TRT-4 isenta aposentado com doença renal crônica de pagar IR

TRT-4 isenta aposentado com doença renal crônica de pagar IR

A 2ª Turma do Tribunal Regional Federal da 4ª Região (TRF-4) decidiu manter a sentença que concedeu isenção de Imposto de Renda retido na fonte para um aposentado que é portador de insuficiência renal crônica.

O colegiado fundamentou a decisão com base em laudo judicial feito pelo médico perito que concluiu que o autor da ação passou a sofrer de nefropatia grave em janeiro de 2020.

O homem, residente em Maringá (PR), ajuizou o processo em outubro daquele ano. Ele relatou que foi gerente do Banco do Brasil e se aposentou por tempo de contribuição em 2010. O autor alegou ter sido diagnosticado com a insuficiência renal grave e que por isso teria direito à isenção do Imposto de Renda sobre os seus proventos de aposentadoria.
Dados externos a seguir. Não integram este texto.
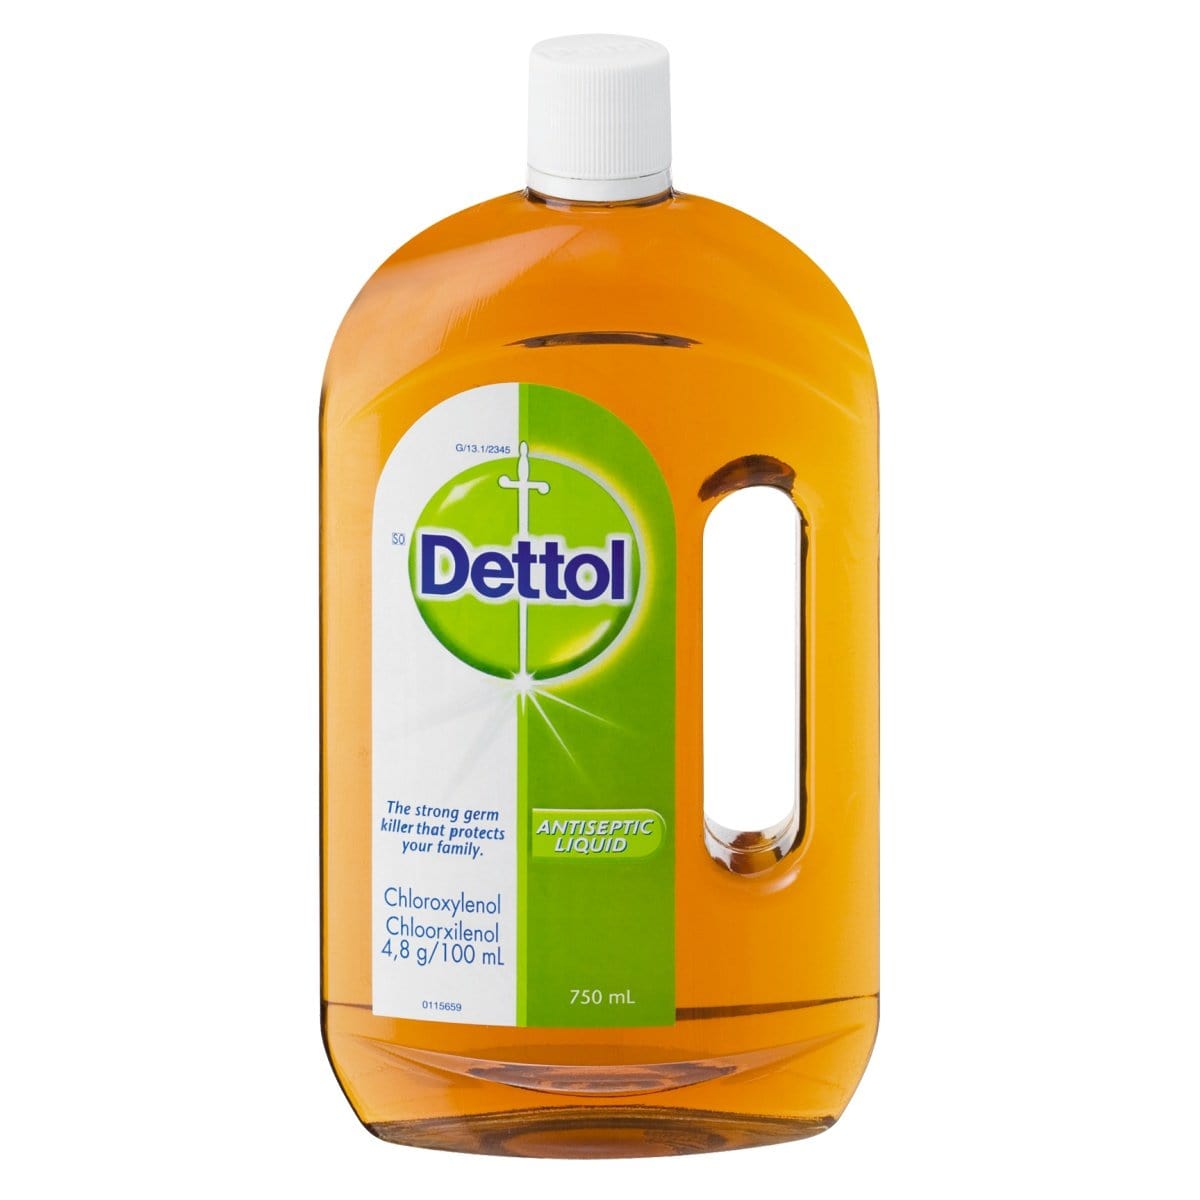 Dettol Health Dettol Antiseptic Liquid, 750ml 6001016400000 719137039
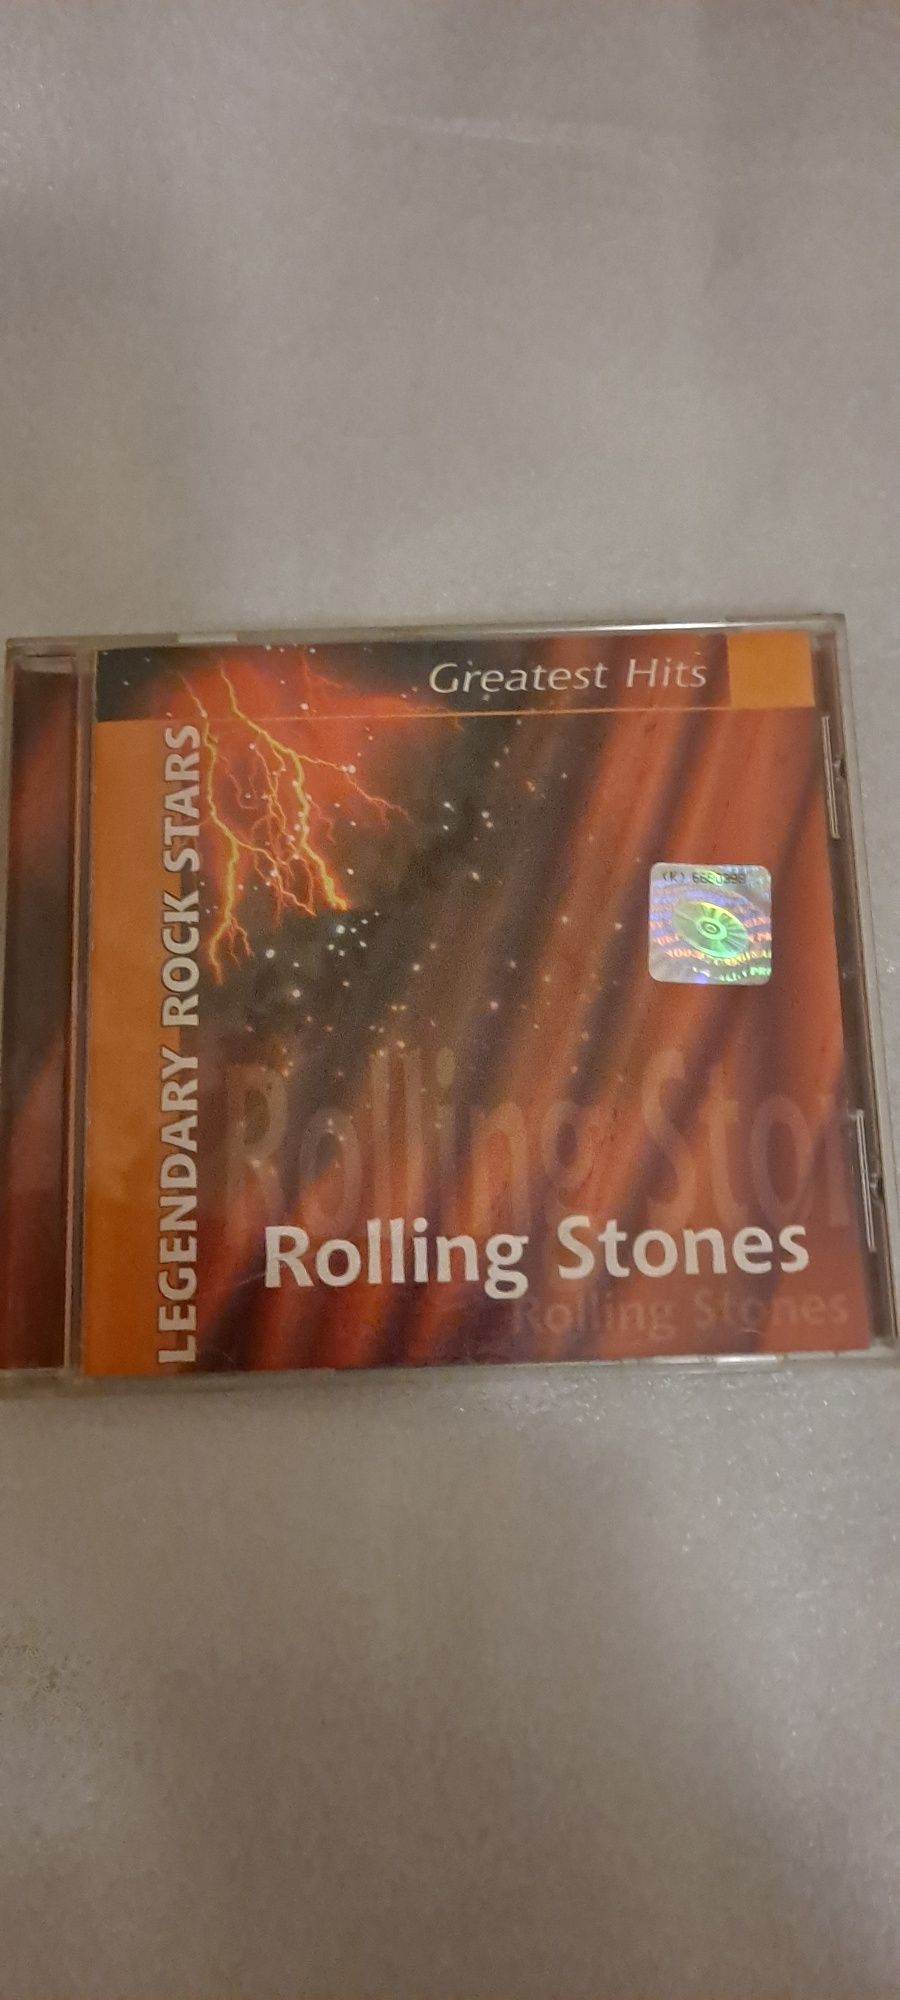 Płyta kompaktowa Rolling Stones

O aposentado argumentou que o benefício está previsto na Lei 7.713/88, que regula a legislação do Imposto de Renda. Ele também requisitou que a União fosse condenada a restituir os valores que já haviam sido descontados a título de IRRF.

Ao proferir a sentença, o juízo da 2ª Vara Federal de Maringá entendeu que “tendo ficado comprovada a nefropatia grave, cabível a isenção do imposto de renda, a partir de 22/01/2020, data em que foi a doença constatada por exame médico e atestada pelo perito judicial”. O juiz ainda determinou que a União deveria “restituir o indébito a partir do ano calendário 2020, em valor a ser apurado em cumprimento de sentença, atualizado e com juros de mora pela taxa Selic”.

O autor e a União recorreram ao TRF-4. O aposentado afirmou que, embora tenha sido reconhecida a isenção a partir de 2020, é portador de doença renal grave desde 2012. Assim, foi requerido que a restituição fosse estendida até aquele ano. Já a União sustentou que o contribuinte não havia apresentado laudo médico oficial, exigido por lei, para demonstrar a existência da doença.

A 2ª Turma negou os recursos, mantendo válidas as determinações da sentença. O relator, juiz convocado no TRF-4 Alexandre Rossato da Silva Ávila, destacou que “no caso, o que se verifica é um cenário de divergências técnicas acerca da enfermidade do autor; nessa senda, impõe-se privilegiar o trabalho do perito nomeado nestes autos. Além de o perito ser auxiliar da justiça e profissional de confiança do juízo, o laudo se encontra devidamente fundamentado, não se vislumbrando qualquer mácula no trabalho pericial”.

Em seu voto, Ávila acrescentou: “O trabalho pericial concluiu que o apelante sofre de insuficiência renal crônica, agravada pela hipertensão e diabetes, que progressivamente vai comprometendo os rins. O perito apontou, expressamente, que o autor passou a ser portador de nefropatia grave a partir de janeiro de 2020. Considerando que o perito afastou de modo expresso a existência da doença grave antes de 2020, não há direito à isenção em período anterior ao da moléstia”. *Com informações da assessoria de comunicação do TRF-4.